A number of residents walked up to the fence to see what had happened. One woman, who didn’t want to be named, said she hadn’t even heard it was leaving the city.

“It’s sad to see,” said Jeff Miller, a Rossmoor resident. “It had a lot of memories."

However, Miller added, he thinks Seal Beach will fill the spot with something similar.

“I’m sure they’ll have some other restaurant,” Miller said.

Sean Crumby, assistant city manager, said the city is hoping to start a search for interested businesses to take over the empty space. 

“We’re looking a replacement," Crumby said. "And we’ve already gotten a few calls from numerous interested parties.”

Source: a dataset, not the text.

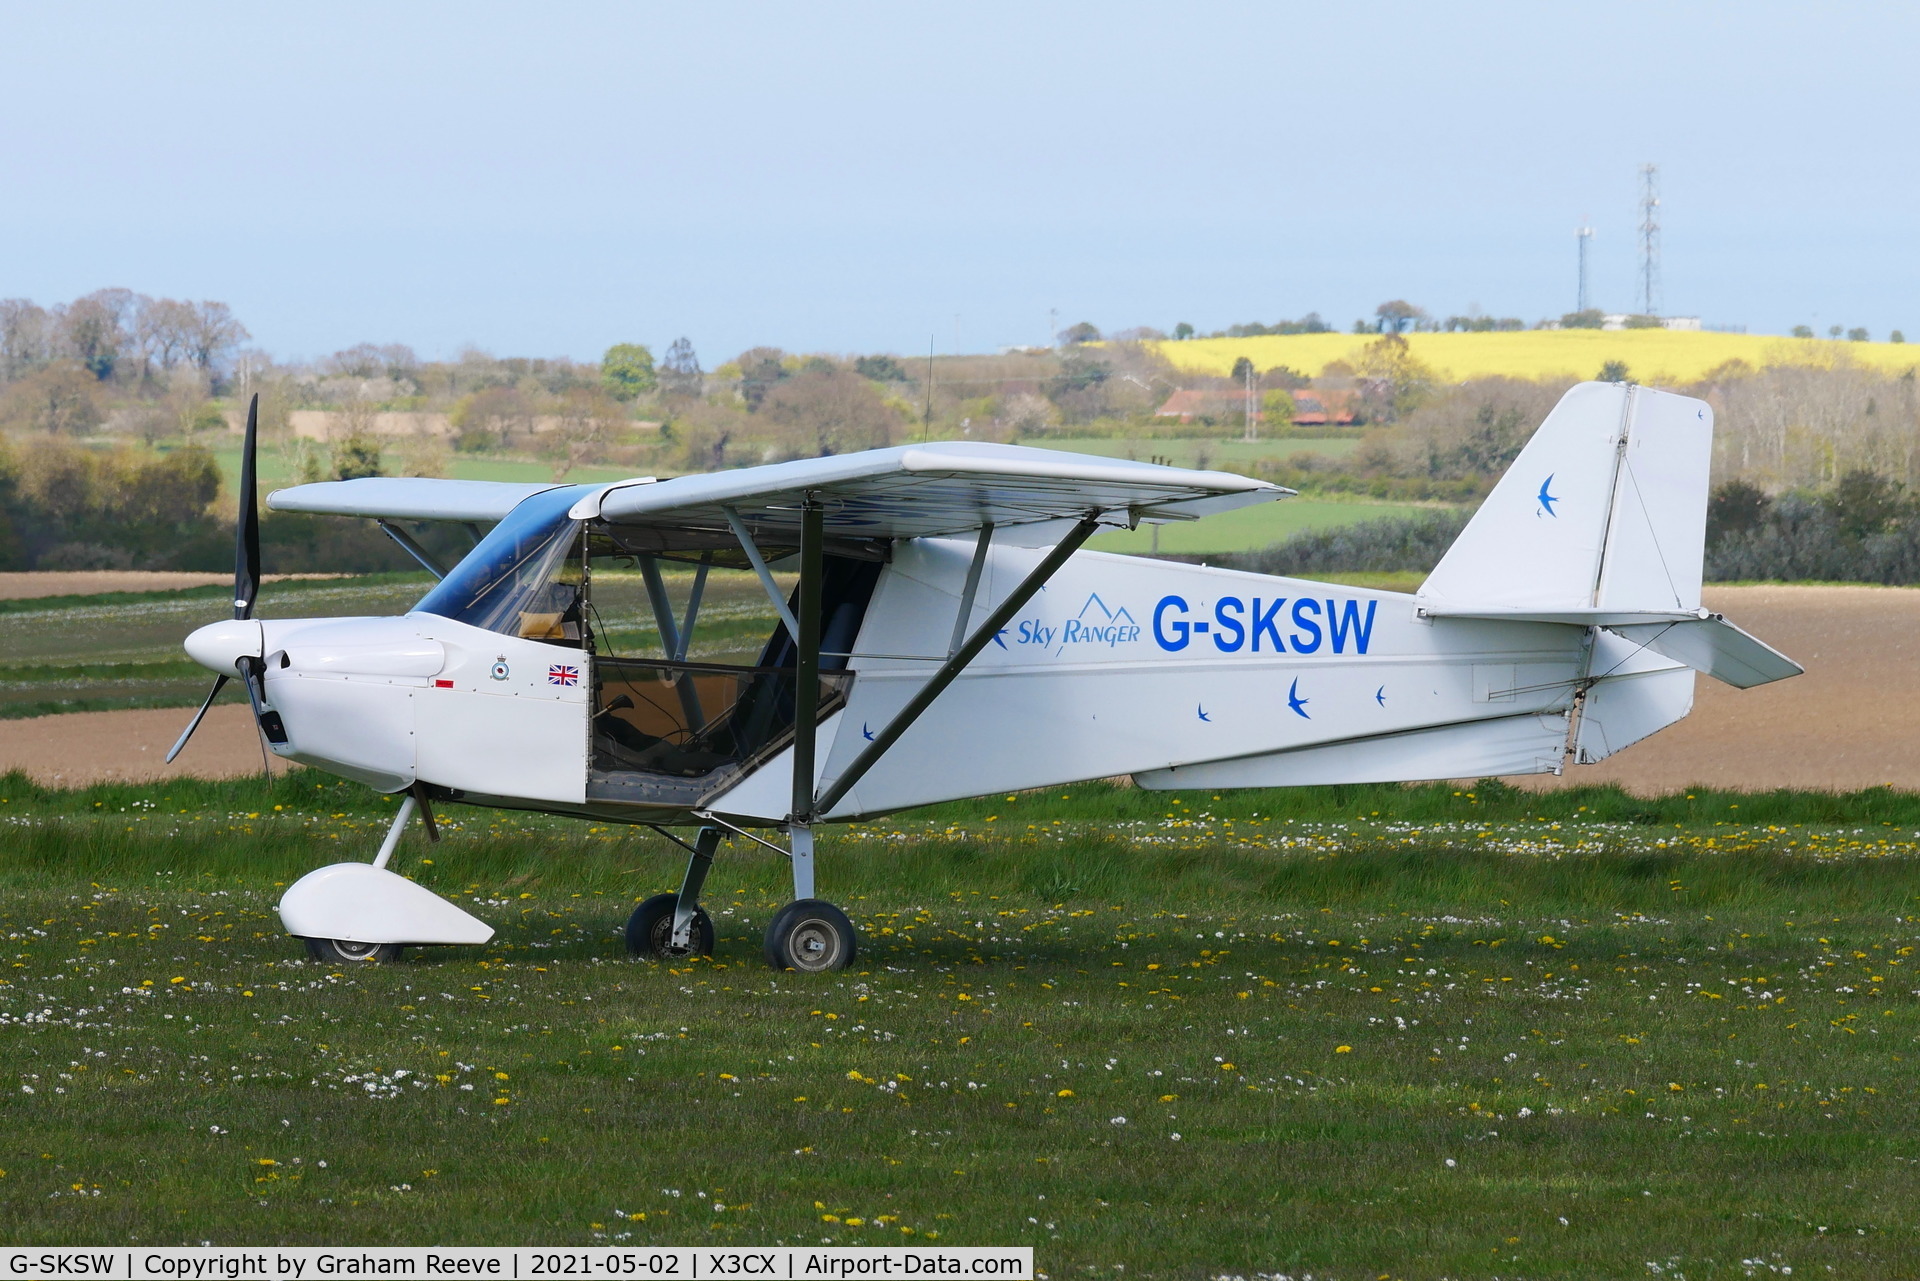 G-SKSW, 2007 Skyranger Swift 912S(1) C/N BMAA/HB/553, Seen at Northrepps with the wheel spats removed from the main under carriage.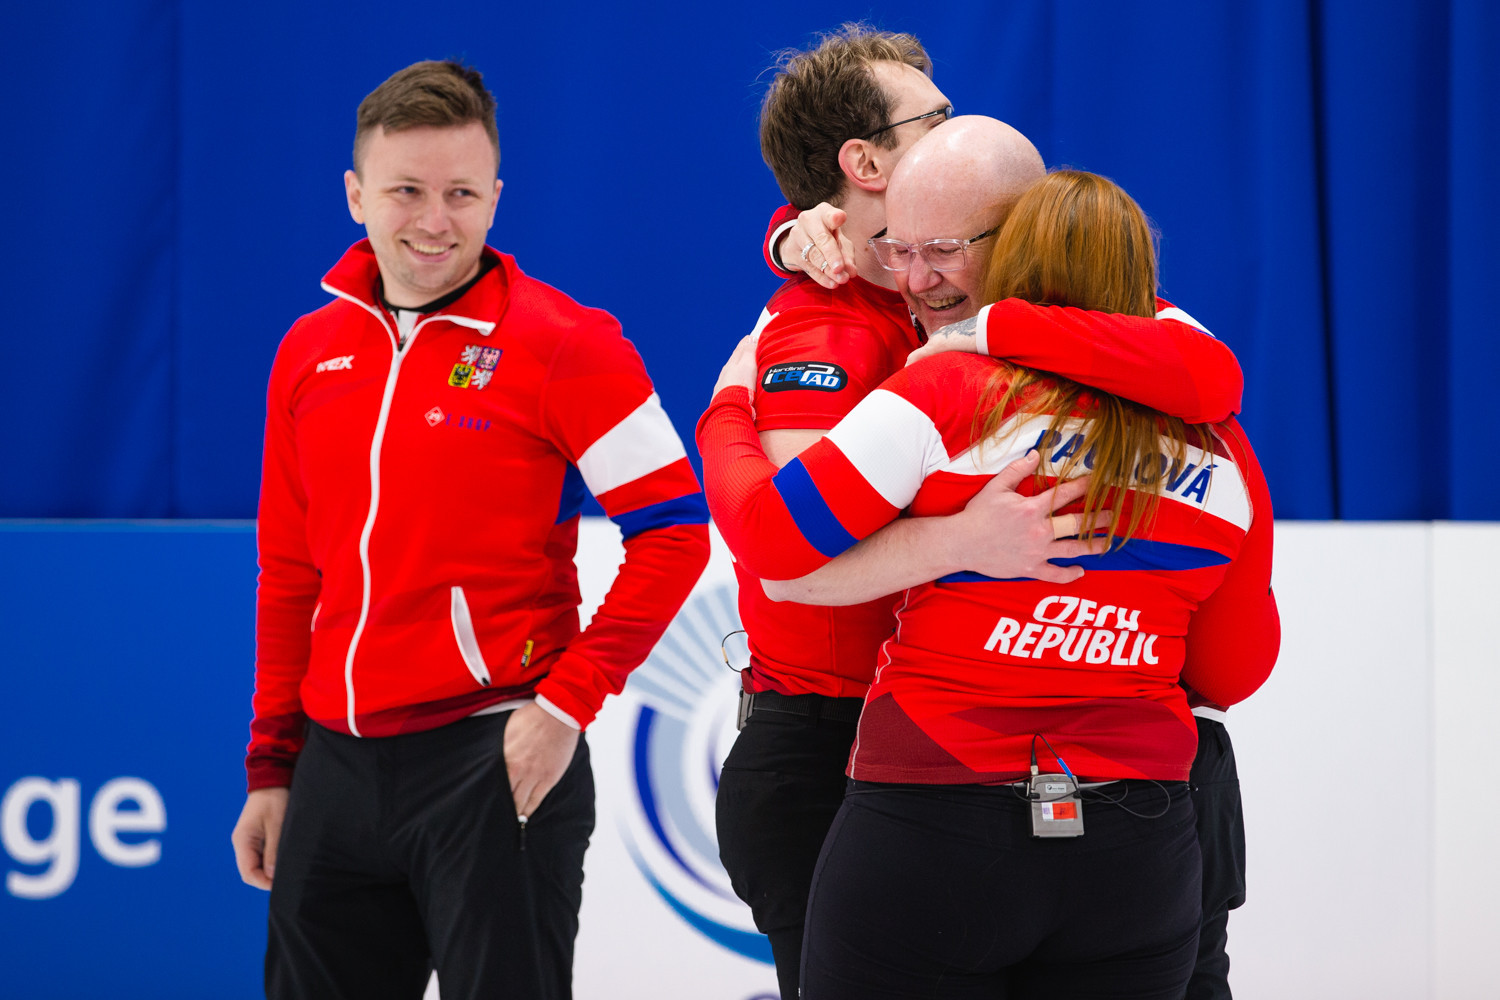 The Czech Republic team celebrate qualifying for Beijing 2022 in the mixed doubles curling discipline ©WCF/Celine Stucki

Crumby said the city is still ironing out a plan to take care of the property until a new business comes in.

According to Crumby, Ruby’s was on a ten-year lease with the city, which expired in October. Crumby said the business decided not to renew the lease and instead went to a month-to-month leasing arrangement, which Ruby’s ended in January.

“I can’t comment as to why they would have decided to leave,” Crumby said.

Tad Belshe, executive vice president of operations for Ruby’s Diner, said the move was a “business decision.”

“It’s sad for us to leave the Seal Beach Pier, but you know as a business, it happens,” Belshe said.

According to Belshe, Ruby’s and the city couldn’t “come to an agreeable, happy ending,” over the property, but he declined to go into specifics.

“We respect the city’s proposal, and the city respects us for not being able to get there,” he said. “We just didn’t come to terms.  There are so many components. There’s not one thing … It’s the whole package.”

“And it just didn’t make sense,” he added.

Belshe said the company is trying to find positions for the site’s former workers at other Ruby’s locations in the surrounding area, and he urges locals to try the Ruby’s a few miles north, at the corner of Pacific Coast Highway and Westminster.

According to Belshe, the restaurant had been in the city since its grand opening Sept. 13, 1987.